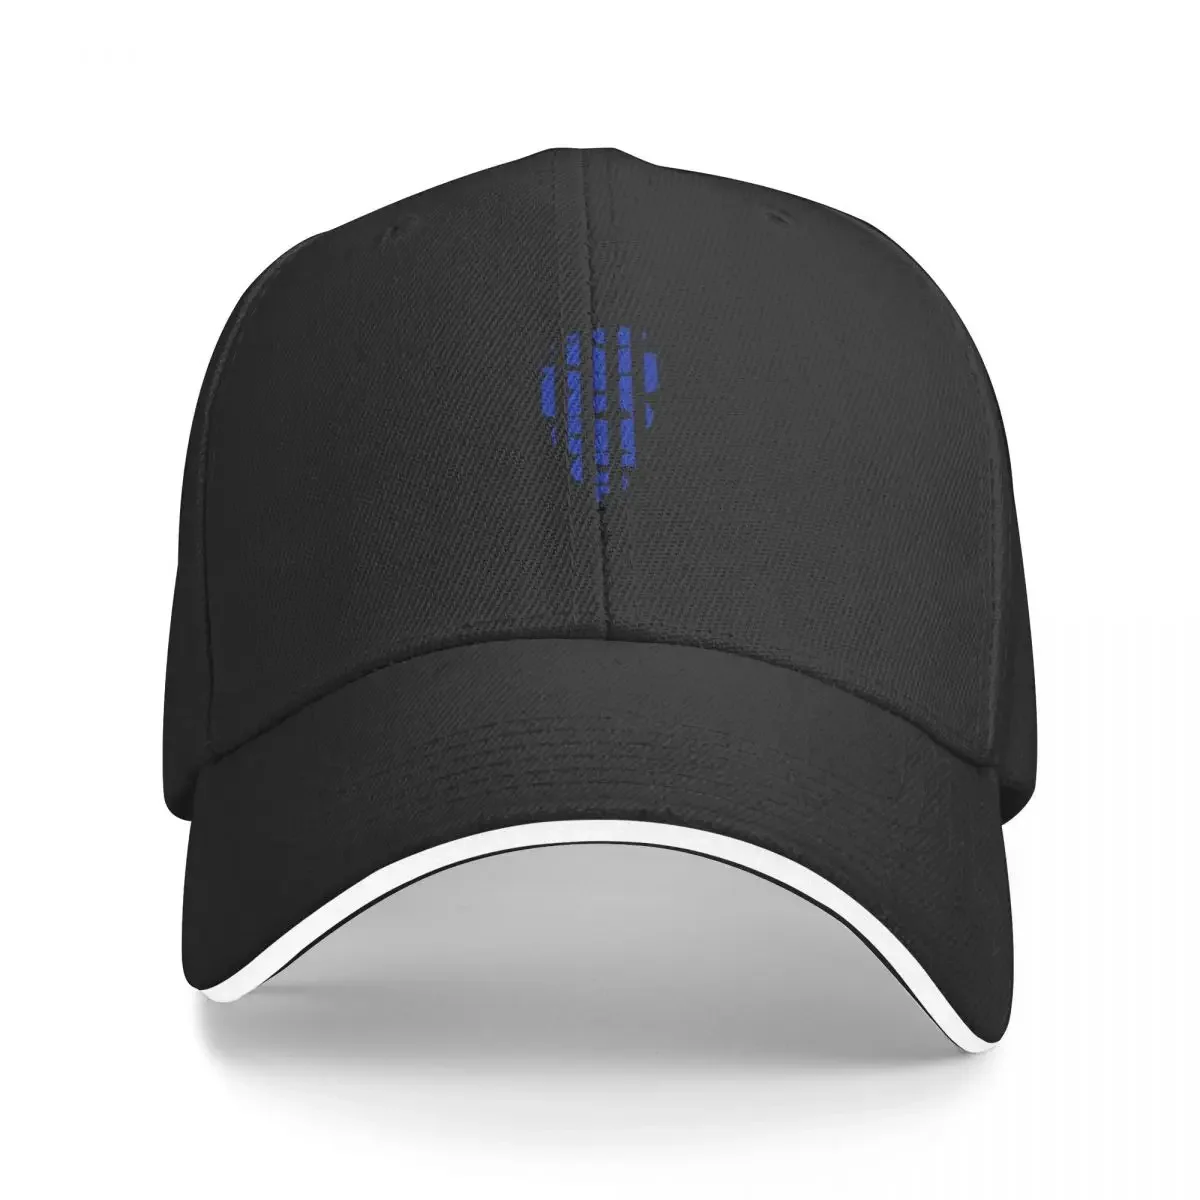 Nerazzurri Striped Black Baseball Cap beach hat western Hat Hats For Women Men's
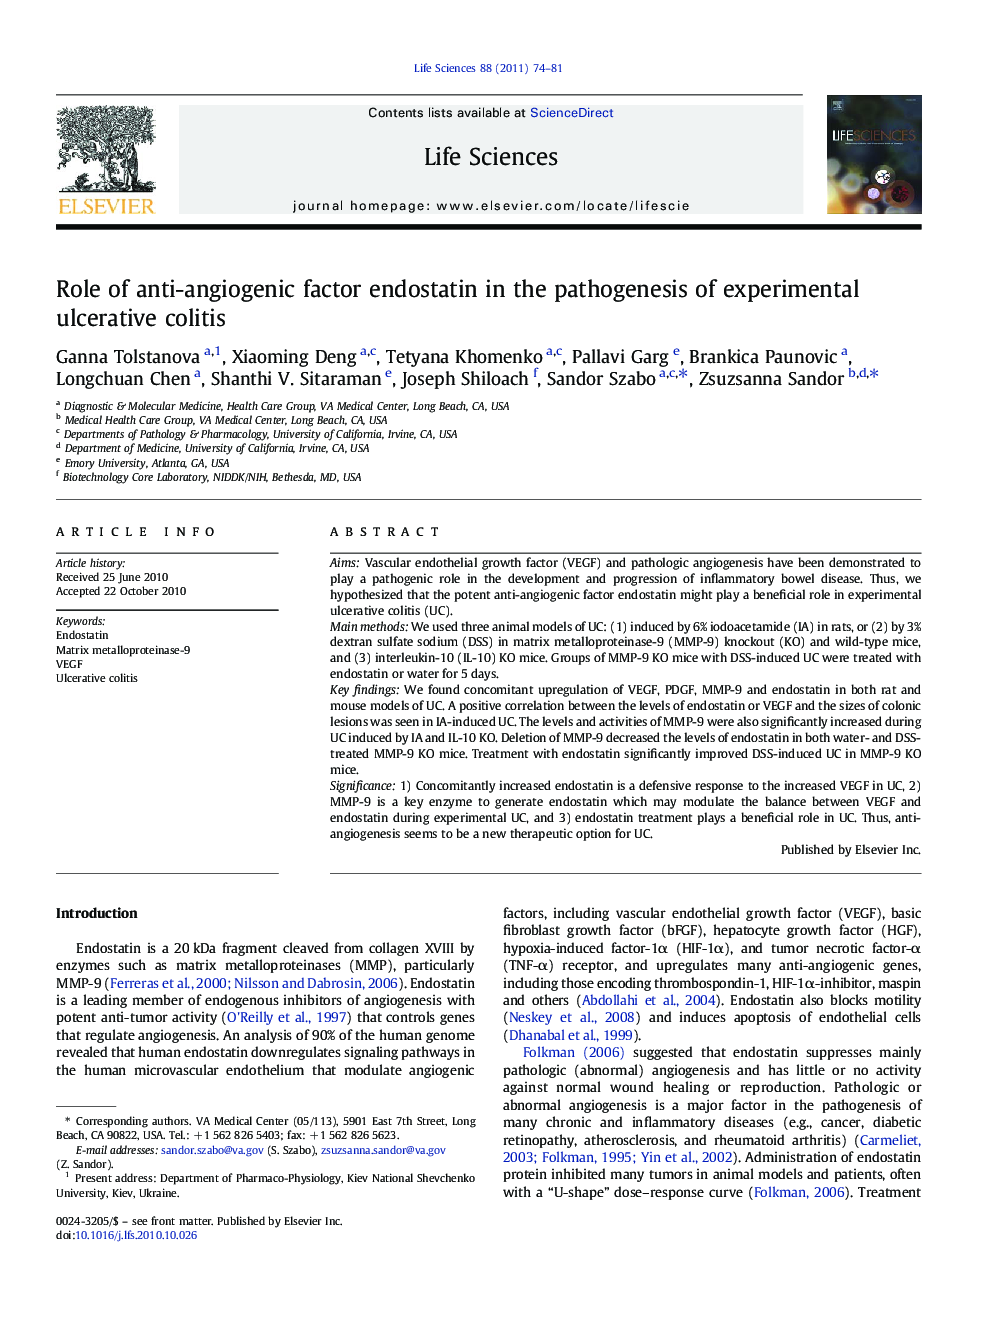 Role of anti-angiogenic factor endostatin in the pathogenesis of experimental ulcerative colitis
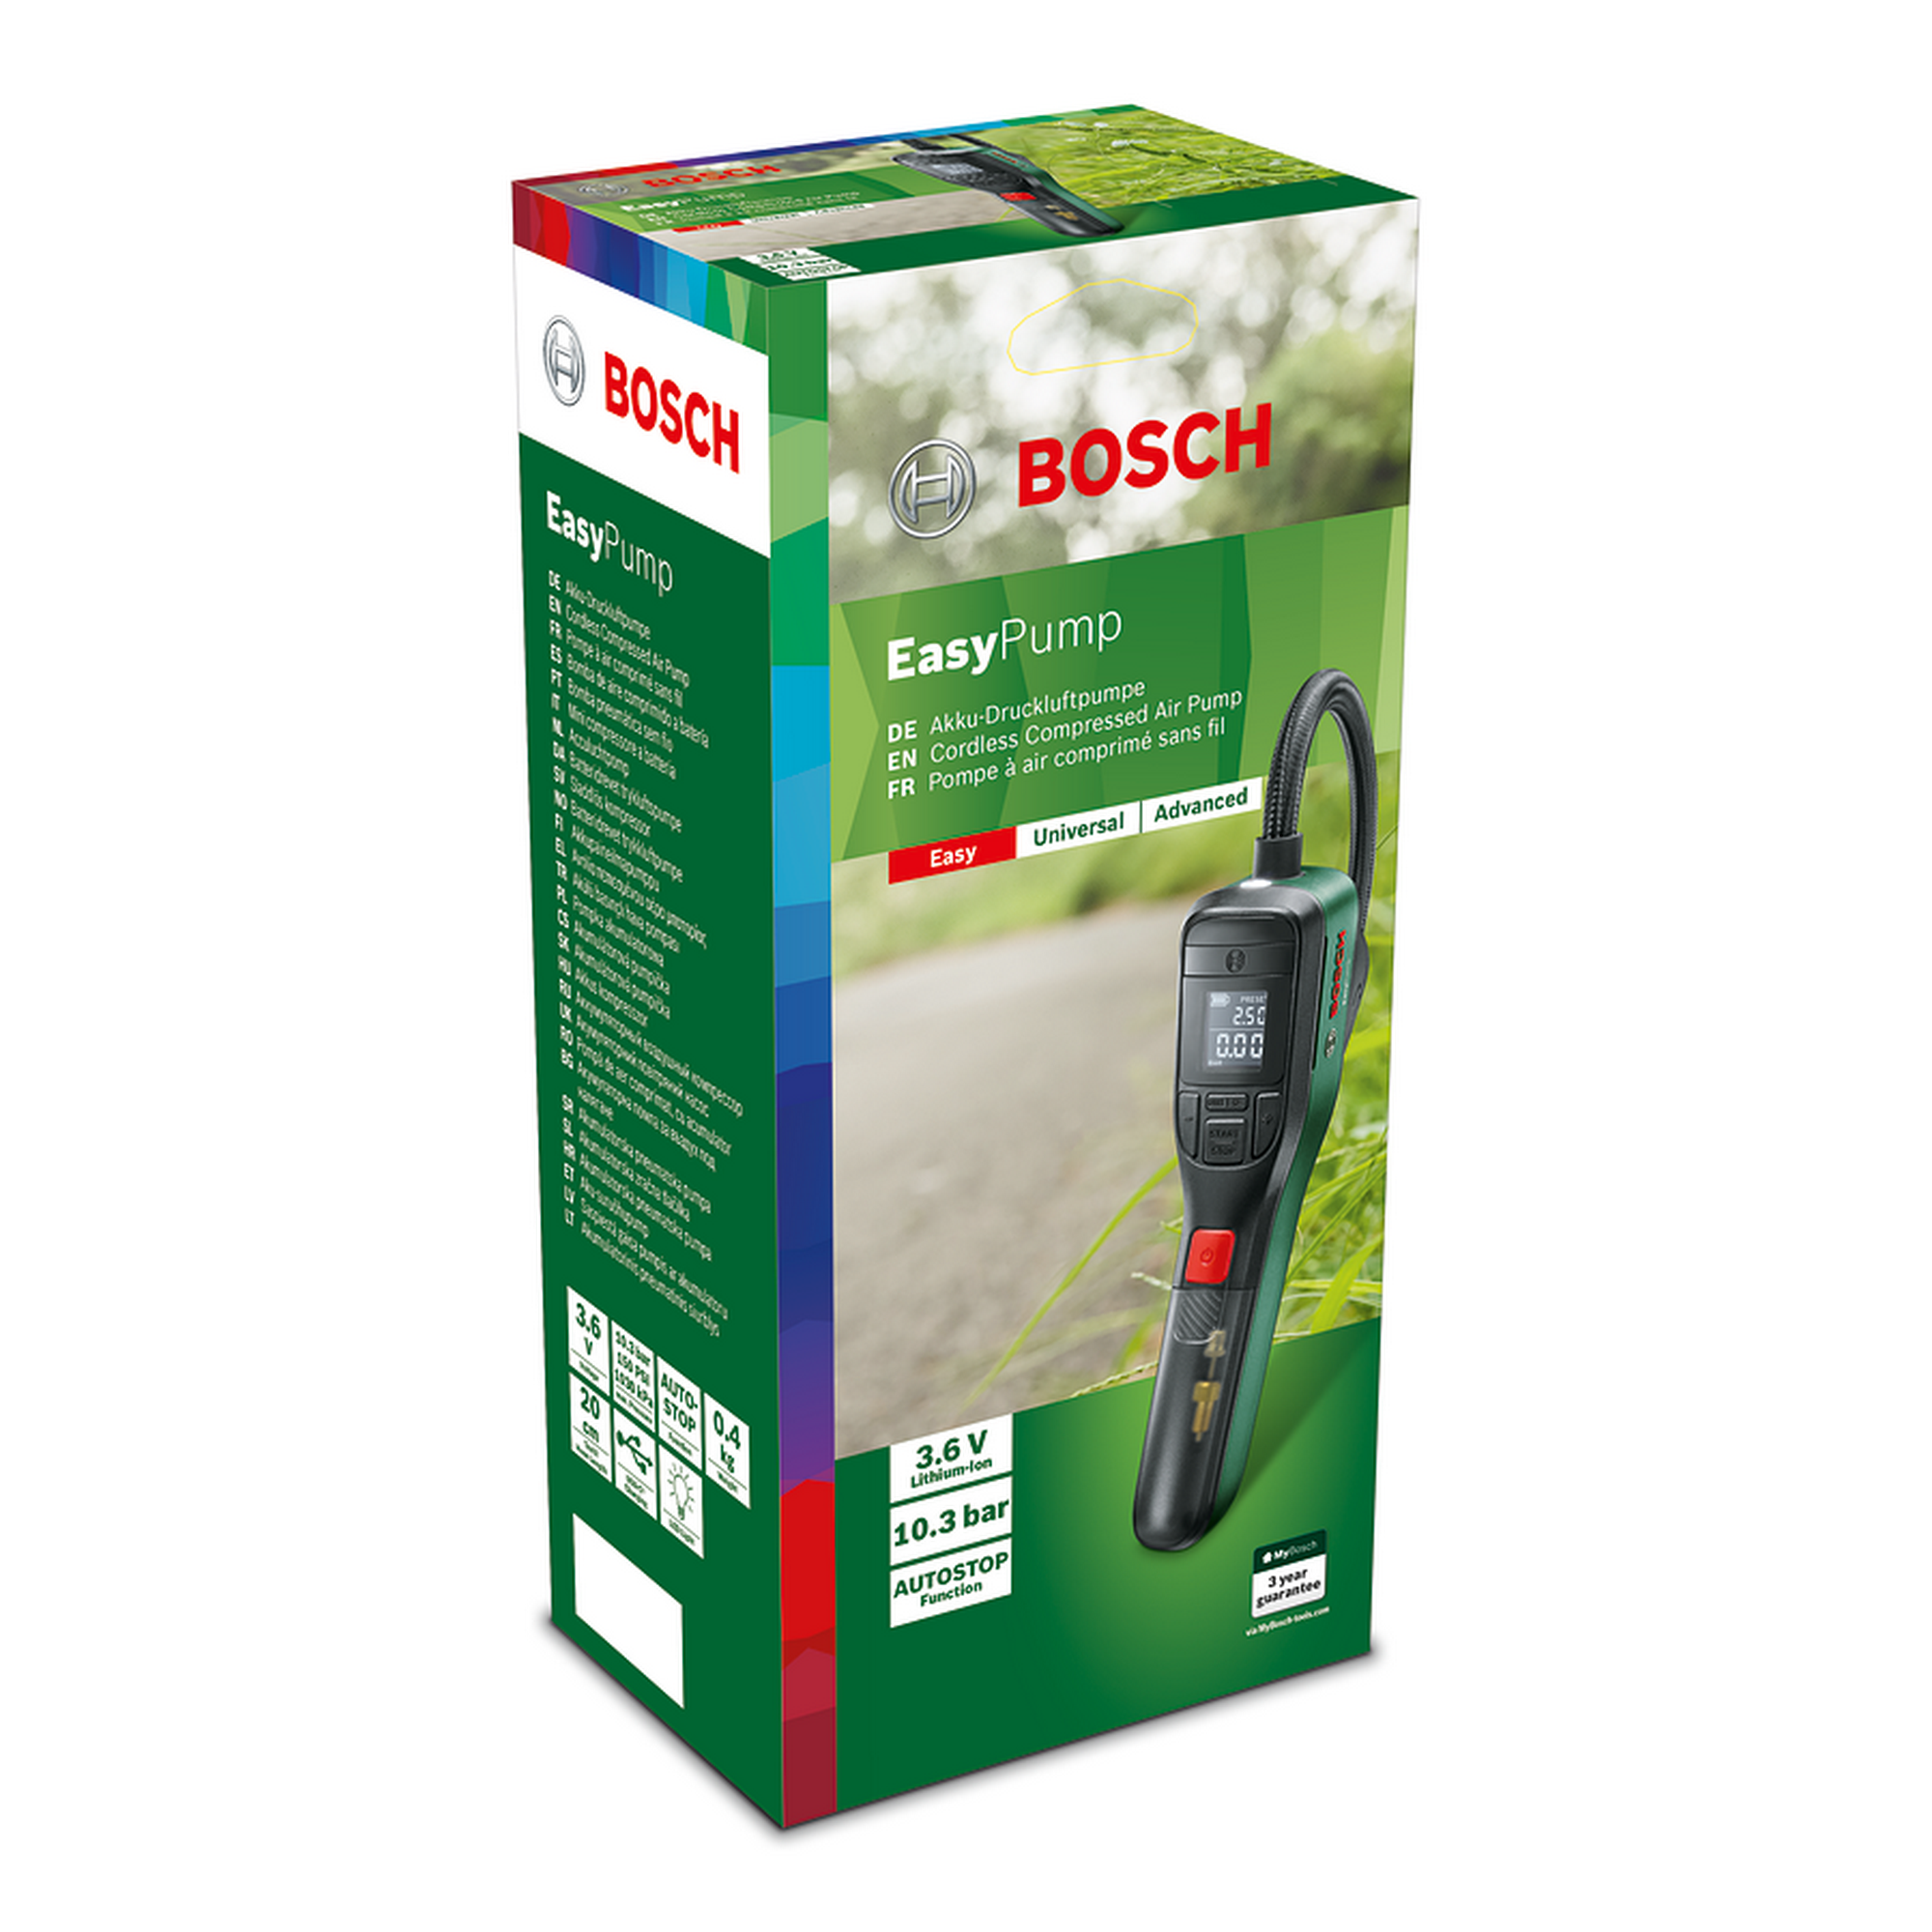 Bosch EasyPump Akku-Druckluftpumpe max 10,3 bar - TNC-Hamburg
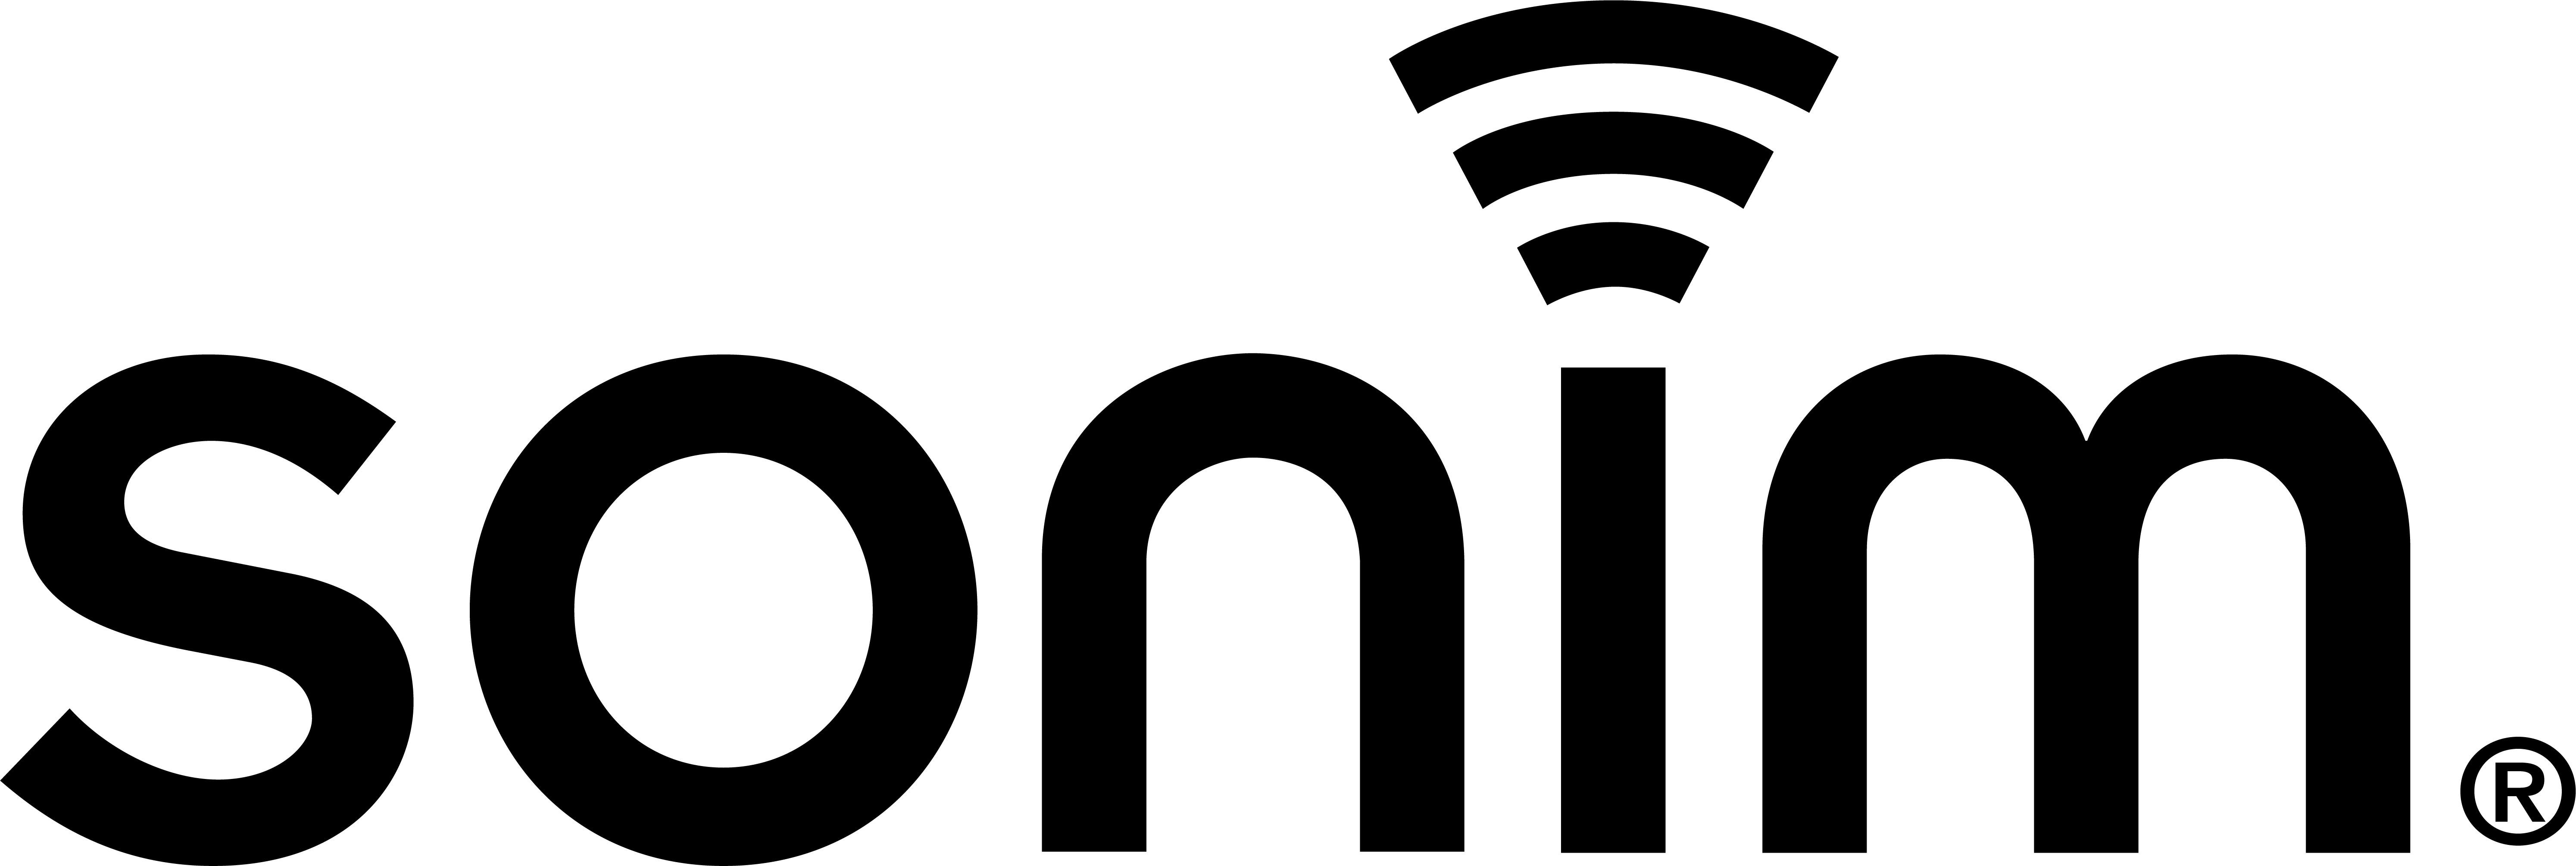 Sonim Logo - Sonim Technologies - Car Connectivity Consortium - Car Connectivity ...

What is expected:
What is needed is a verbatim copy of the lines from the line with "Bosch EasyPump Akku-Druckluftpumpe" through the last line of the listing, pictures excluded.

Result of the task:
 Bosch EasyPump Akku-Druckluftpumpe max 10,3 bar - TNC-Hamburg
 Sonim Logo - Sonim Technologies - Car Connectivity Consortium - Car Connectivity ...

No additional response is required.